My opinion on it now is: there's two common general ways to use css. One way
is as a style class, which is something you'd apply in multiple places around
your project (like `.error` setting font colors to red, for example). The
other way is to markup specific content so that you can apply specific styles
to it - for instance, pixel pushing a header to fit exactly where you think it
should in this one instance (perhaps to align an upvote button with a
username, or something).

The latter way really seems to just markup dom nodes purely for the sake of
identifying them within their structure (I might use BEM or rscss especially
for these).

The way I structure my css in projects follows from this - I extract common
styles and pepper them throughout my app where needed (but they are never
referenced in any js/$ selectors). These are intended to cascade.
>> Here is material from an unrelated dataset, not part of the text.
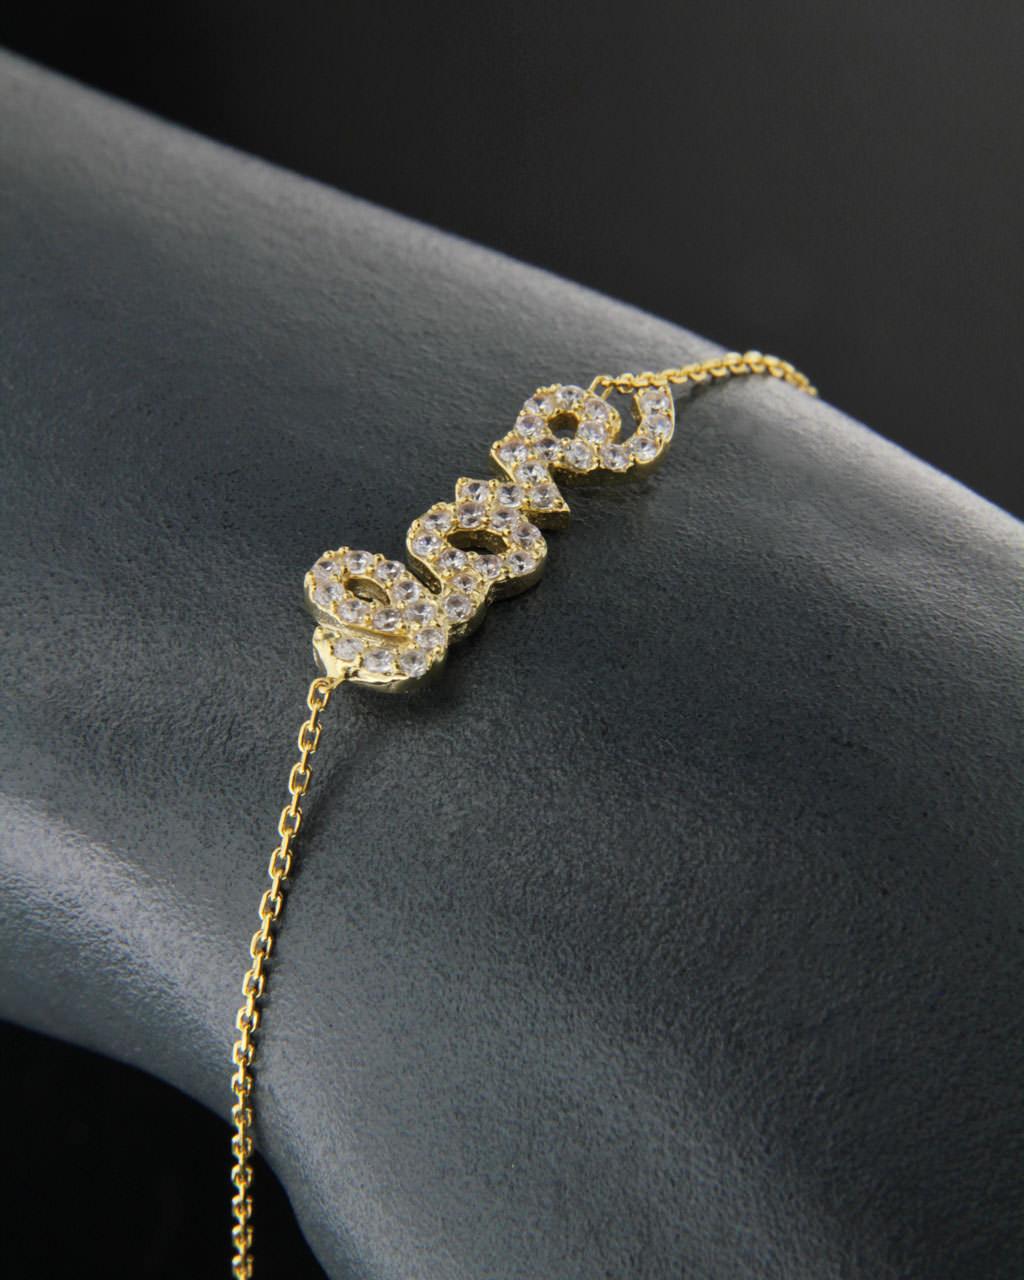 Επίχρυσο ασημένιο βραχιόλι 925 με Ζιργκόν   γυναικα βραχιόλια βραχιόλια fashion

And then I will scope my more specific css under a selector (using sass, or
cssnext or whatever) to avoid polluting the global scope:

    
    
      .some-view {
        .header { ... }
        .note { ... }
        .icon { ... }
     }
    
    

In the case of these nested selectors, they are more identifying tags for the
content of the node, than they are declarations of a specific style. These are
not intended to cascade.

So even though css classes "exist for styling purposes" I think they have two
paradigms for use. One for marking up content for a general application of a
style and another for marking a node to be given special treatment.

And taking that approach, I argue it's fair to use the same selectors for js
as well as css.

Besides, in practice, you're going to realize you're just adding the same
class name appended with `js-` everywhere `<div class='error error-box js-
error-box'></div>` when you're using that `error-box` really only to mark the
node for use.

Though I'd be curious to hear more about why you think this:

>Using CSS classes for both style and data binding would result in a
maintenance nightmare, IMO.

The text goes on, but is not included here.